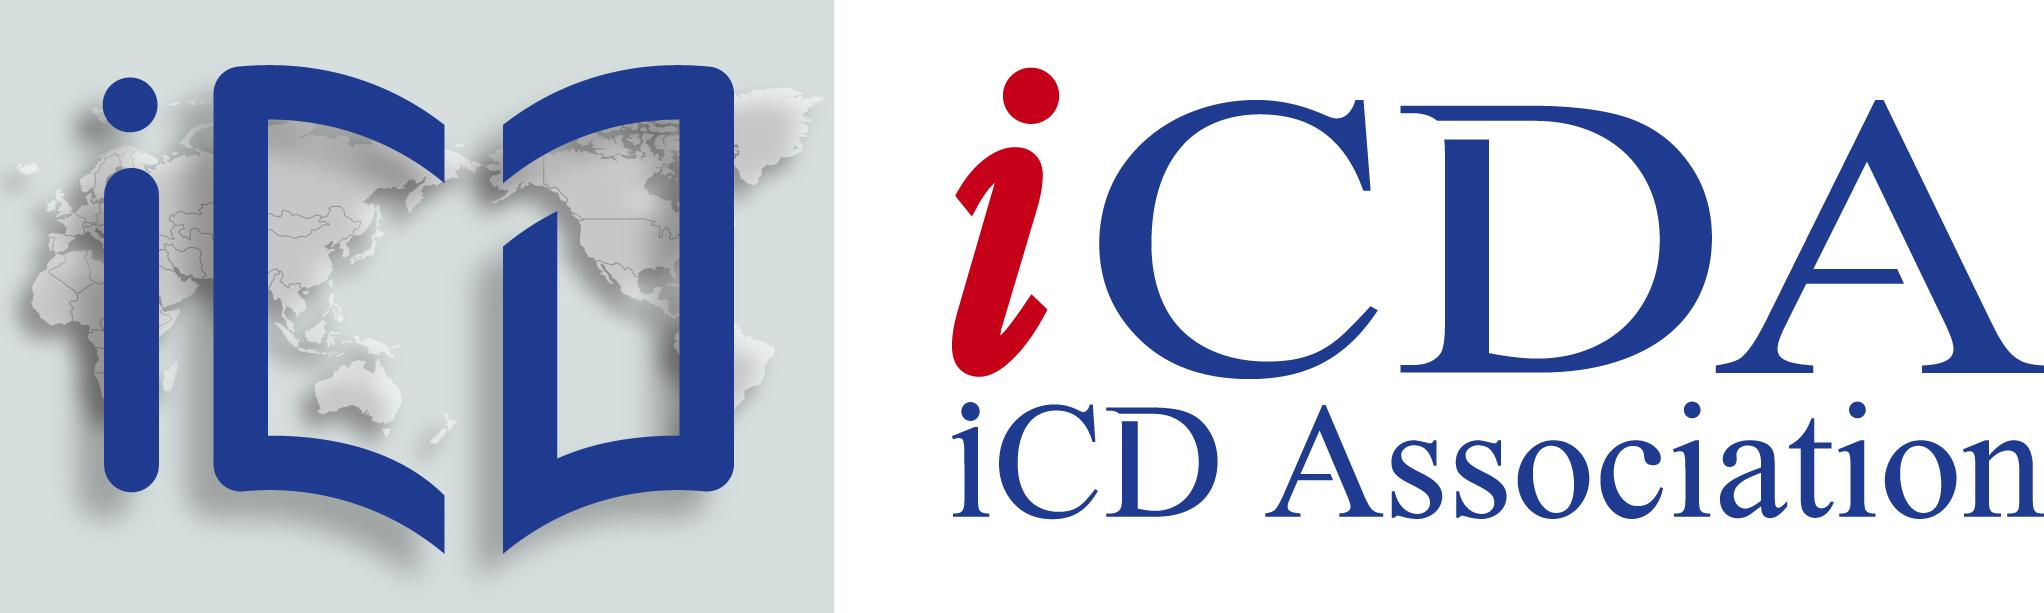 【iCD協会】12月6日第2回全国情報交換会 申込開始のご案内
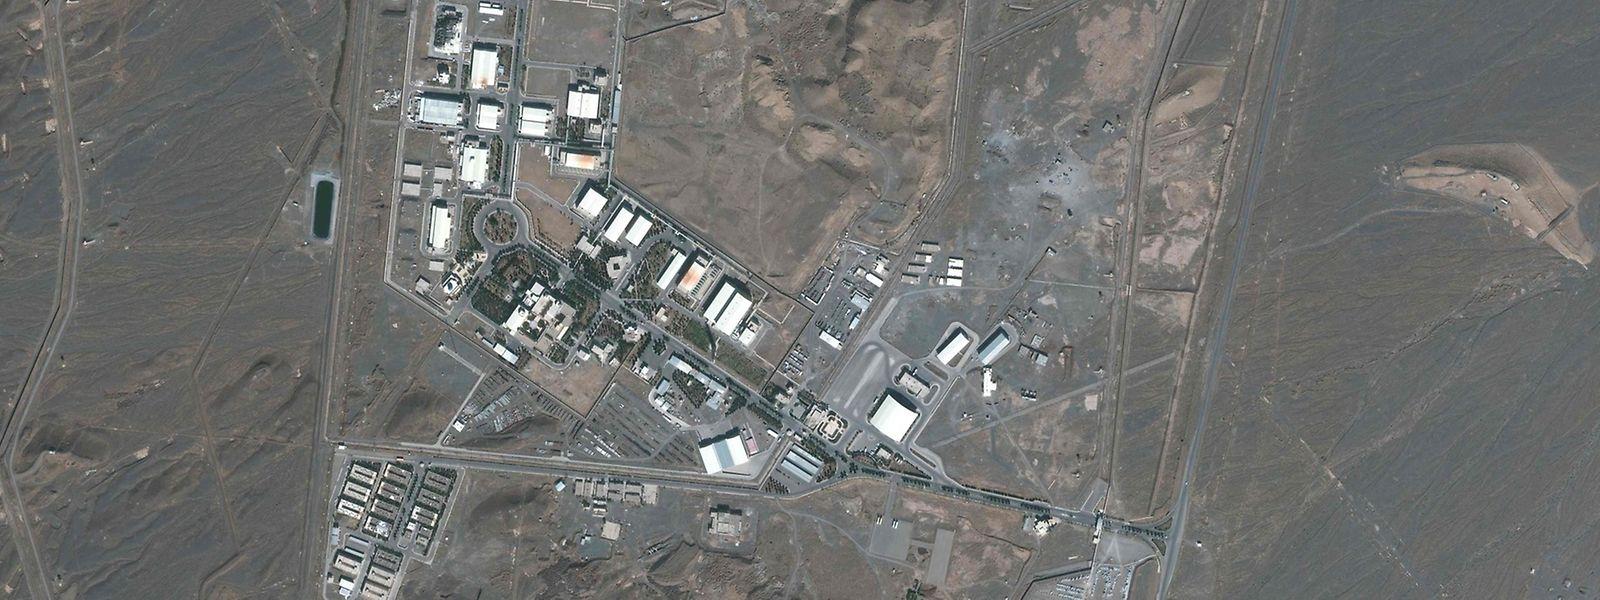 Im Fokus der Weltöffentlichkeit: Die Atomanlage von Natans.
---*---
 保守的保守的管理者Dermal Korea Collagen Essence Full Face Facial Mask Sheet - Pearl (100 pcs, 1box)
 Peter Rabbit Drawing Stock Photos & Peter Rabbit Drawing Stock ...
---*---
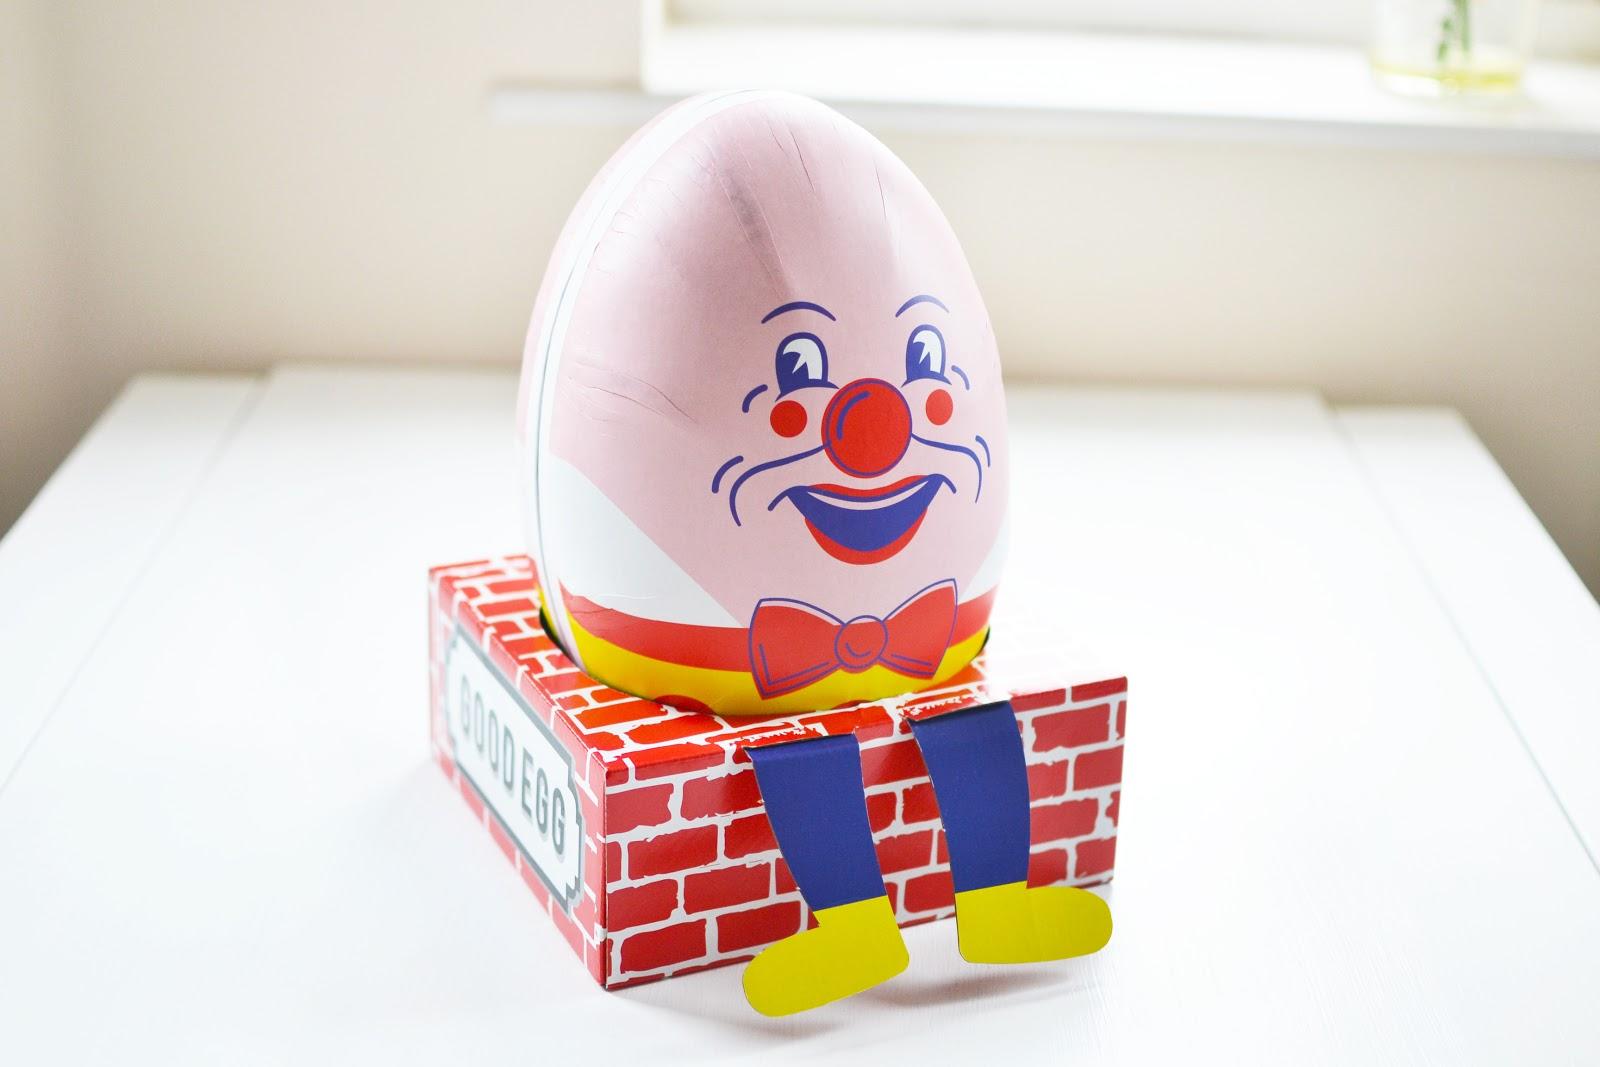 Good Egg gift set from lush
---*---
- [WHAT TO WORK ON]: Every line above from the line with "保守的保守的管理者Dermal Korea Collagen" to the line with "Peter Rabbit Drawing Stock Photos" is wanted, ends included; write them out exactly and add no other line.

- [EXERCISE ANSWER]:
 保守的保守的管理者Dermal Korea Collagen Essence Full Face Facial Mask Sheet - Pearl (100 pcs, 1box)
 Peter Rabbit Drawing Stock Photos & Peter Rabbit Drawing Stock ...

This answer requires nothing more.